The small planet orbits closest to the sun but rotates nearly upright, meaning some areas on its poles never see sunlight.
Nasa researchers suspect the ice and other organic material accumulated in the shadowed areas of craters at the poles after comets and asteroids delivered the material to Mercury’s surface.
“The new data indicates the water ice in Mercury’s polar regions, if spread over an area the size of Washington DC, would be more than two miles (3.2km) thick,” said Nasa researcher David Lawrence.
The alleged findings came from NASA’s Messenger Spacecraft, which has been in orbit around Mercury since 2011.
Theories that Mercury – also known as the Swift Planet – could potentially contain forms of water were already being discussed back in 1992. Back then, Earth-based telescopes had picked up “bright areas” in and around the planet’s polar regions.
Alternative explanations were put forward to account for the bright areas, but Messenger provided enough evidence for water ice to exist on the planet closest to our sun.
The discovery is even more spectacular, taking into account that Mercury’s surface temperatures can sometimes reach 427 degrees Celsius (800 F).
Although the finding of almost 22 cubic miles pales when compared with our planet’s water capacity (an estimated 332,500,000 cubic miles!), Mercury is our solar system’s smallest planet, roughly one tenth the size of Earth.
“Messenger has revealed a very important chapter in the story of how water ice and other volatile materials have been delivered to the inner planets, including Mercury,” said Sean C. Solomon, principal investigator of the Messenger mission.
“It’s extraordinary that this chapter is so well-preserved on the planet closest to the sun.”
James L. Green, director of Nasa’s planetary science division, said the finding “bodes well for a continued search for water elsewhere in the solar system”.
Meanwhile, Nasa has dismissed rumours that its Mars Curiosity rover has made a significant discovery on the red planet.
Speculation had been stoked when a Nasa researcher said that data coming back from soil samples was a discovery “for the history books”.
But a statement from the organisation said: “Rumours of major new findings at this early stage are incorrect.”
Even so, as much as 1.1 trillion tons of ice could lie on or just beneath Mercury’s surface in the nooks and crannies of craters that never see sunlight, according to scientists working on the Messenger mission.

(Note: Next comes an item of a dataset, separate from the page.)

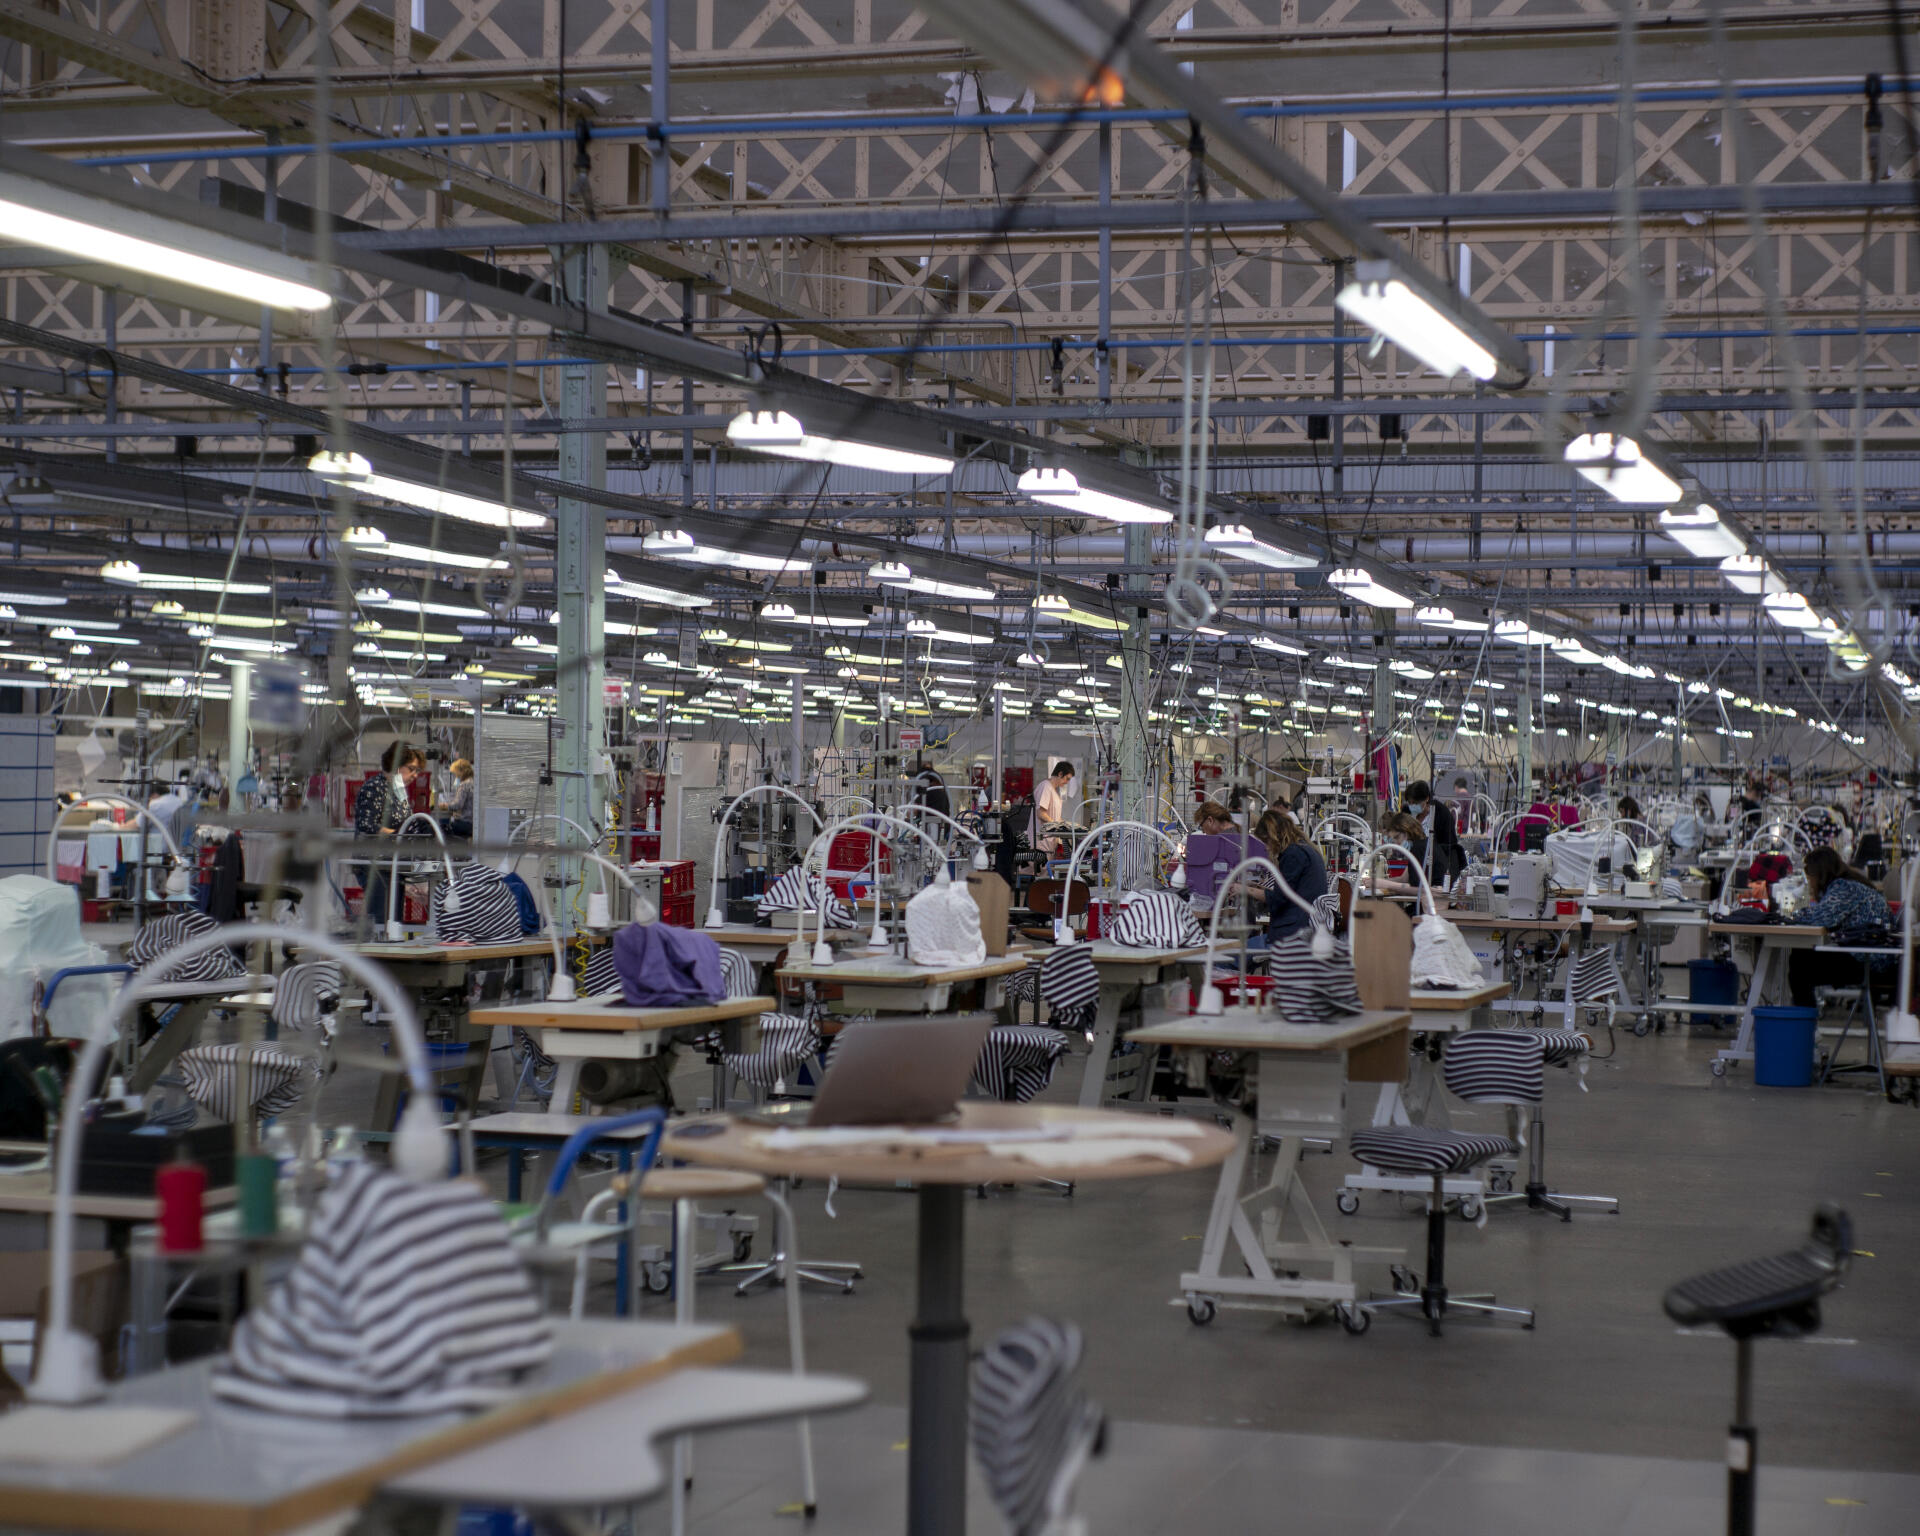 One hundred seamstresses work in the clothing workshop of the Petit Bateau factory in Troyes on October 27, 2021. They produce between 300,000 and 500,000 pieces per year.

Much of that ice may be protected by a dark layer of carbon-rich organic material several inches thick, they said.
The new research “doesn’t mean we have life on Mercury, but it is relevant for the question of life in the solar system in general,” UCLA planetary scientist David Paige, lead author of one of three papers published Thursday by the journal Science, said.
The water and organic material probably aren’t native to Mercury; one theory suggests they could have been delivered by icy comets as they smashed into the surface.
It’s widely believed that this is how organic molecules made their way to Earth as well, meaning Mercury, then, could offer a glimpse of a possible early stage before the development of life as we know it.